The need to retrain students and workers – considering technology is evolving faster and faster – is a vexing challenge for STEM education, said David Seppala-Holztman, Ph.D., a professor of mathematics and computer science at SJC Brooklyn.
“A great deal of what a student learns as an undergraduate in computer science will be outdated by the time that student graduates,” Dr. Seppala-Holtzman said. “As a result, a good undergraduate technology program must build the evolution of discipline into its courses. St. Joseph’s strives to do just that.”
While our overall success in our careers is in part shaped by our studies, our understanding of our world and culture also plays a huge part in that.” — Thomas DiBernardo ’08, M.B.A., M.S. ’11
STEM majors at St. Joseph’s benefit from the College’s small class sizes and the personalized attention they receive from professors. Furthermore, STEM students at St. Joseph’s find that they have a wide array of internship and research opportunities at such prestigious locations as Brookhaven National Laboratories, Goldman Sachs, Estée Lauder, Google, Canon, Computer Associates, IBM, NASA and Zebra Technologies.
A Unique Advantage
St. Joseph’s professors, along with alumni working in STEM fields, point out that St. Joseph’s STEM majors have a unique advantage in the job market because of the liberal arts core curriculum that was required as part of their studies.
“Our liberal arts education tradition tends to produce well-rounded practitioners,” said William McAllister, an assistant professor of mathematics and computer science at SJC Long Island. “Our liberal arts core requirements teach our students ethics, writing skills and respect for diverse groups, which are skills valued in industry that they would not learn in a technical institution.”
Samantha Miller, a 2016 SJC Long Island graduate and software engineer at Softheon in Stony Brook, New York, said “my core requirement was one of the best parts of going to St. Joe’s.”
“I found I needed to have a balance of computer science/math classes and liberal arts classes,” added Miller, who served an internship at Brookhaven National Laboratory while at St. Joseph’s. “I loved the diversity in my schedule.

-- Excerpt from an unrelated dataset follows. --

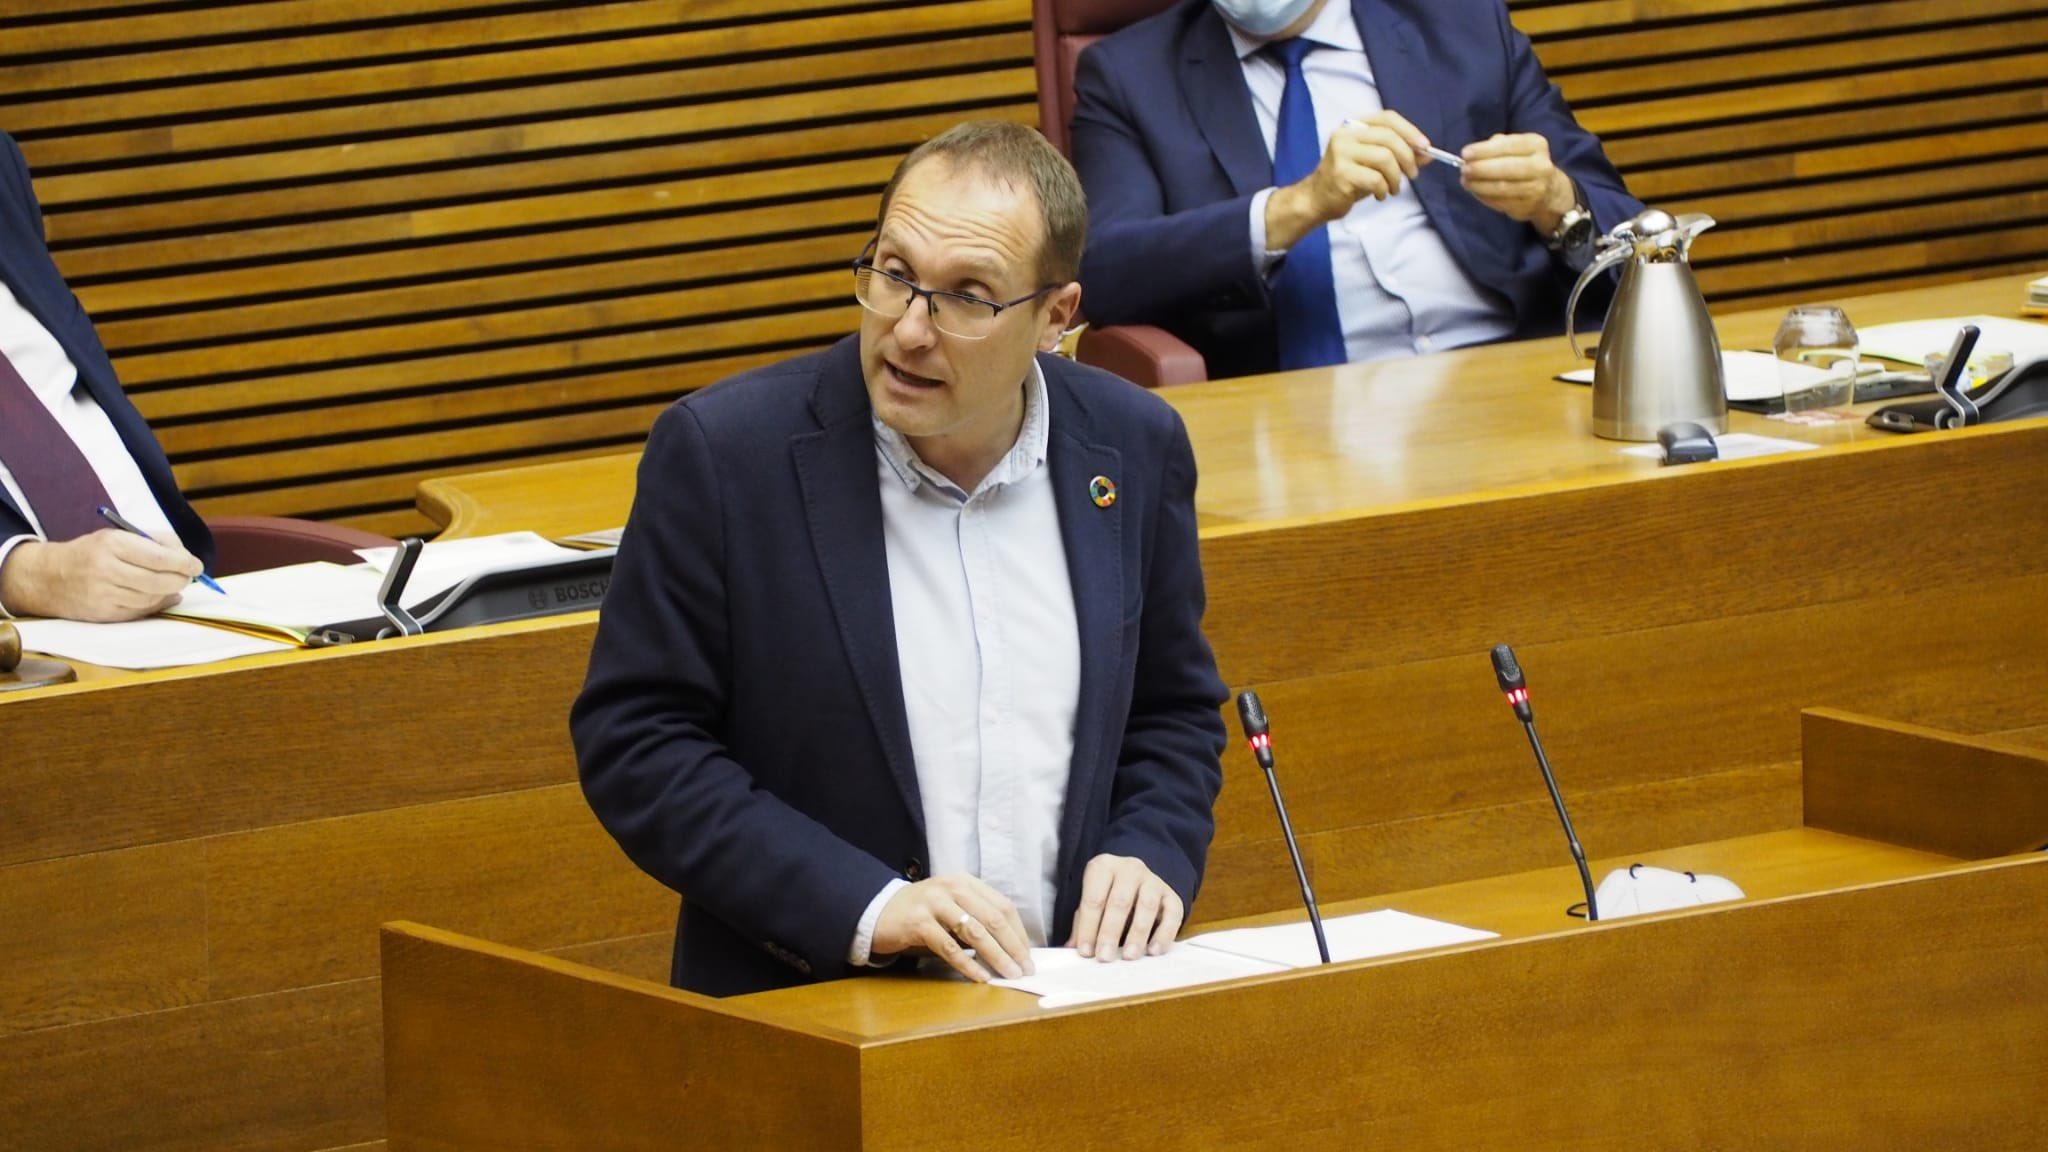 Blanch destaca que la prioridad del PSPV-PSOE en 2020 ha sido combatir la pandemia de forma coordinada desde los distintas instituciones
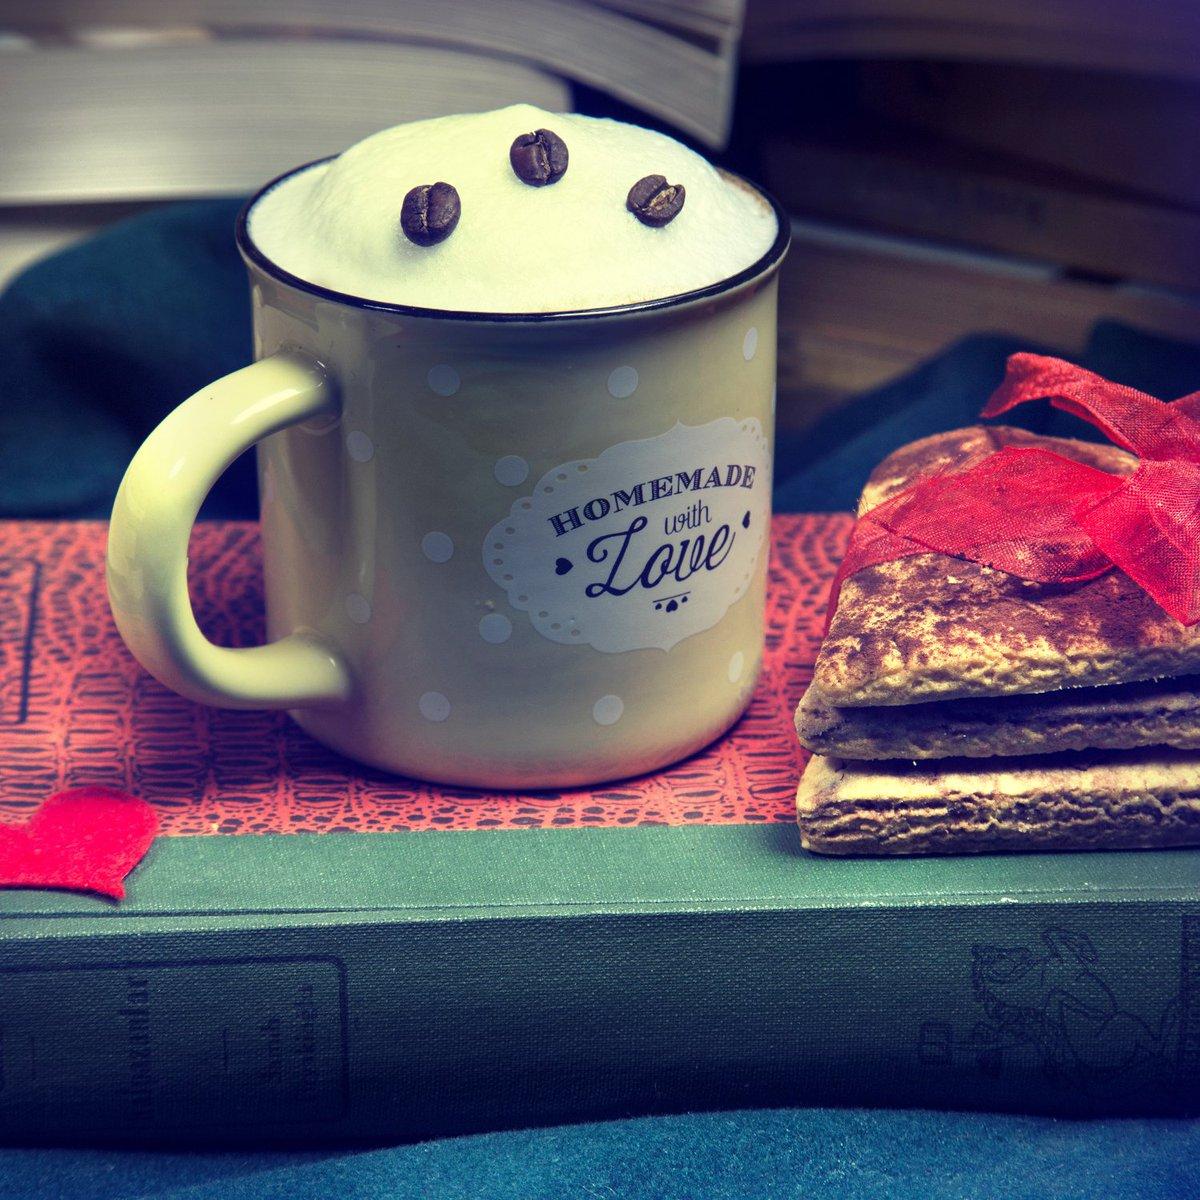 Kahve kokulu Pazartesi😉😍Bekleriz❤ #sanatevim #sanattayiz #kahvearasi #Coffee https://t.co/pXvLHDyCqk

One day, I would be in a programming class, and then the next hour I am in a Buddhism class, and then I am in a New York History class.”
The liberal arts foundation he received at SJC helped Long Island Rail Road locomotive engineer Thomas DiBernardo become a more well-rounded person at home and work, he said.
“Technological progress is nothing without a firm grounding in the foundation of liberal arts, social sciences and humanities,” said DiBernardo, ’08, M.B.A., M.S. ’11.
“While our overall success in our careers is in part shaped by our studies, our understanding of our world and culture also plays a huge part in that.”
St. Joseph’s provides its STEM students an ideal balance between liberal art studies and science and technology, said Wendy Turgeon, interim dean at SJC Long Island.
“Working in science and technology still requires that research be situated within the human matrix,” she said. “The social, political and ethical implications of science and technology need full recognition and a careful, as well as caring, response.
“Courses in philosophy, sociology, literature, among other liberal arts, are part of our general education curriculum for all students, preparing our graduates to reflect on the important human implications of science and technology, as they join their fields as professionals.”